Influence de la télé ou des blogs? le pouvoir correctif du web

Intéressant débat au Social media club la semaine dernière sur le pouvoir des blogueurs, en marge d'une discussion sur l'évolution des relations publiques.

A ma gauche, "les blogueurs ont maintenant une réelle influence sur l'opinion, notamment dans le secteur de la high-tech, par rapport à la presse spécialisée traditionnelle". Ce qui est vrai.

A ma droite, des analystes plus circonspects: "Sur les sujets hors-geek, les journalistes fixent encore l'agenda, parlent à des millions de personne, ont un impact énorme sur le grand public, contrairement aux blogueurs". Ce qui n'est pas faux non plus, et pour bien des années.

L'un des aspects les plus intéressants de cette année, concernant la télévision, fut la confirmation de la puissance de la blogosphère pour corriger/critiquer la presse audiovisuelle.

Là où les journalistes de presse écrite ont commencé à comprendre la notion de commentaires, de critiques, d'horizontalité du web, les journalistes de télévision découvrent à leurs dépens qu'une voie de retour existe.

Avant, tout était simple.
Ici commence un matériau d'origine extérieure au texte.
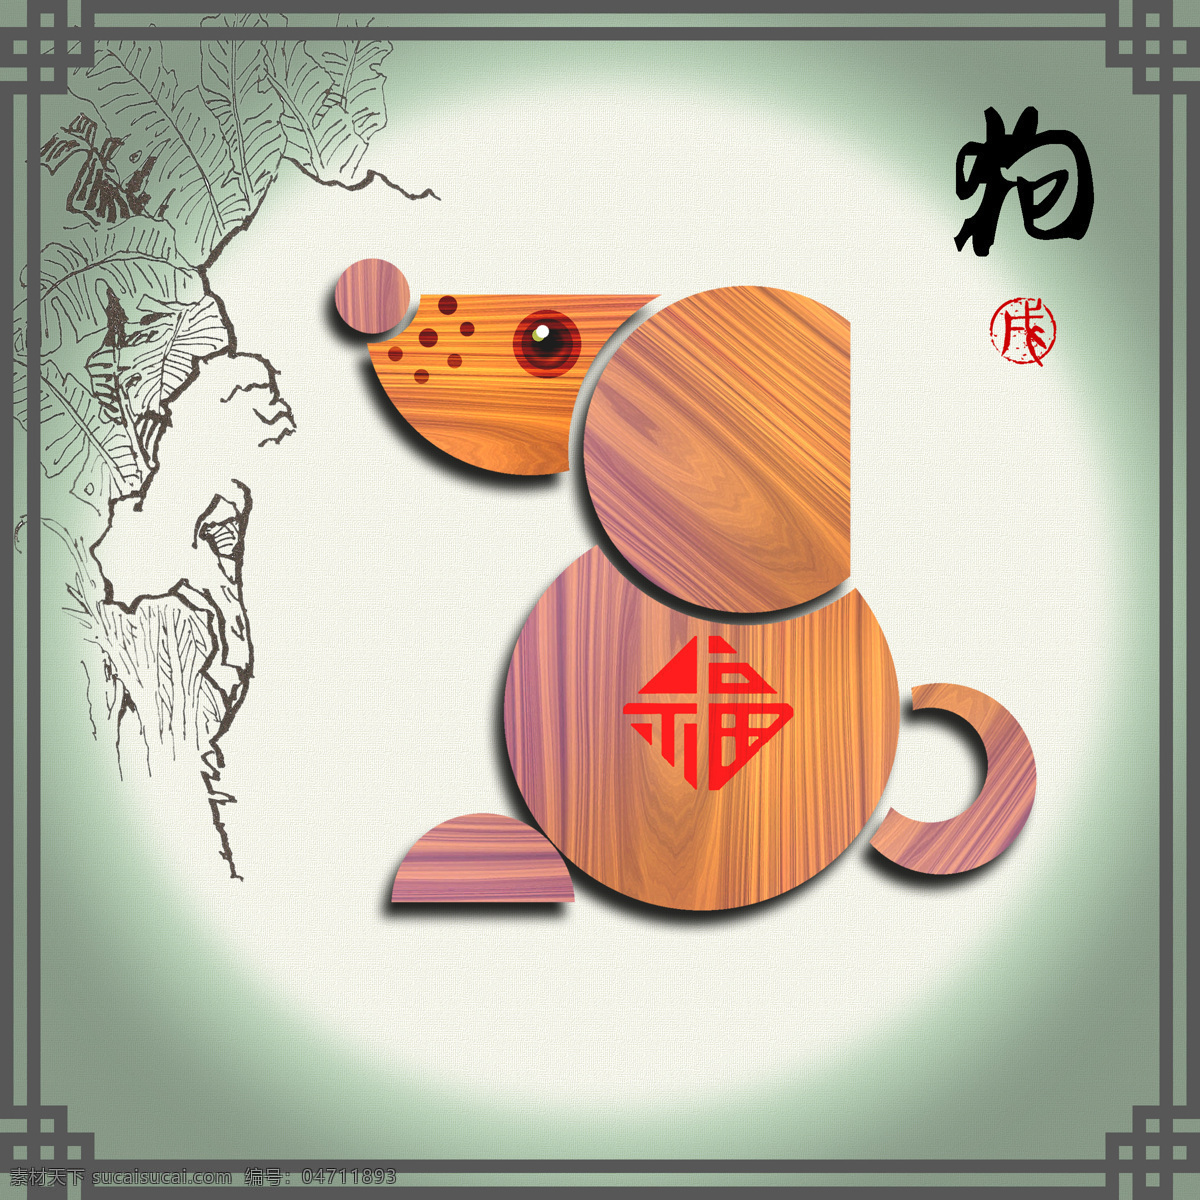 十二生肖 狗 设计图 传统文化 中国元素 天干 地支 木纹 装饰画 高清 特色设计 文化艺术

Si je faisais une erreur, une approximation, ou prenais partie (ce qui n'est pas forcément condamnable), dans mon reportage télé, j'avais droit à quelques coups de fils au standard, des lettres acides.

En cas de gros bidonnage, des articles dans la presse écrite (il y eut aussi à la télévision la période Arrêt sur images, qui vit de très belles heures sur le net).

Aujourd'hui, la critique est plus rapide, plus répandue, plus systématique.

Les (plus ou moins) grosses erreurs échappant à l'oeil des journalistes se voient pointer du doigt par des blogueurs/internautes/communautés de spécialistes. Des erreurs soulevées, corrigées, puis commentées, relayées, sur différents blogs ou sites...avant d'être reprises par les médias traditionnels en fin de parcours.

Quelques exemples cette année d'erreurs involontaires ou de bidonnages manifestes:

- La fausse photo de la tornade à Hautmont, "prise par un particulier", présentée comme un scoop à l'antenne par une présentatrice - un cliché qui datait de l'année dernière, et qui avait été réalisé au Royaume-Uni. La supercherie a été repérée par des internautes avisés (d'où la nécessité de vérifier les images amateurs).

- Le faux-client, vrai agent immobilier de ce sujet du 13 heures
: l'histoire n'a pas tardé à faire le tour de la toile.

Au rayon remontage, approximation, "survente" de sujet et dramatisation, trois exemples parmi d'autres.

- Une association qui s'indigne du montage final d'un débat de société sur le logement après avoir assisté à l'enregistrement de l'émission.

- Les étranges raccourcis des Infiltrés concernant une partie du tournage auquel j'ai pu assister.

- On retiendra surtout en 2008 ce reportage d'Envoyé Spécial concernant Facebook, accusé par la blogosphère d'avoir présenté le réseau social comme un repaire de drogués, ados neuneus, etc.

Un sujet magazine qui a déclenché un beau tollé - le meilleur résumé se trouvant évidemment sur BienBienBien.

Le plus surprenant...fut sans doute la surprise du journaliste, dans cette interview de l'Express.fr

Résumer une situation à gros trait, dramatiser (légèrement ou lourdement), couper/déformer un peu trop les interviews dans le sens souhaité (par le journaliste) : nous connaissions ces petits travers de la télé.

Ce qui est nouveau, c'est la possiblité non seulement de s'indigner (pour les spécialistes de la question), mais aussi de le faire savoir. Habitué à tenir son micro branché sur des enceintes surpuissantes, voilà le journaliste projeté dans l'arène, devant répondre point par point à une armée de téléspectateurs mécontents (pour des raisons valables ou non).

Face à ce nouveau pouvoir correctif de la blogosphère (du web en général), le journaliste télé paraît bien désemparé.

Il lui faudra d'abord descendre de son piédestal et se justifier, parler, répondre aux critiques - comme ses confrères ont pu l'expérimenter en ouvrant leurs articles aux commentaires ou en tenant leur blog.

Il lui faudra aussi évoluer sur ses présupposés (je suis le sachant, personne n'a accès aux sources, le public découvre mon sujet pour la première fois, il n'aura pas les moyens de vérifier ni de communiquer autour de mon reportage).

Il lui faudra repenser le fond - le choix de sujets ultra-consensuels - comme la forme - finie (un résumé en forme d'impasse à une seule entrée, sans possibilité de creuser, d'aller voir plus loin), un format de de plus en plus ringard aux yeux du jeune public, un tournage qui hésite toujours entre le storyboard du cinéma et la prise direct, enfin le montage.

MAJ 12/12/08: Comme le suggère François Guillot sur aaaliens, il faut rajouter à ce "pouvoir" de correction de la blogosphère celui des moteurs de recherche. Si l'on s'intéresse au sujet, on trouvera rapidement des billets apportant la contradiction, corrigeant/critiquant le reportage télé. Et pour longtemps. Grâce à la magie de Google. C'est l'une des forces du web (la permanence) par rapport au caractère éphémère et unique de la la diffusion. Mais là encore, on parle à l'heure actuelle de milliers (dizaines, centaines de milliers dans le meilleur des cas) quand une émission de magazines compte en millions de téléspectateurs.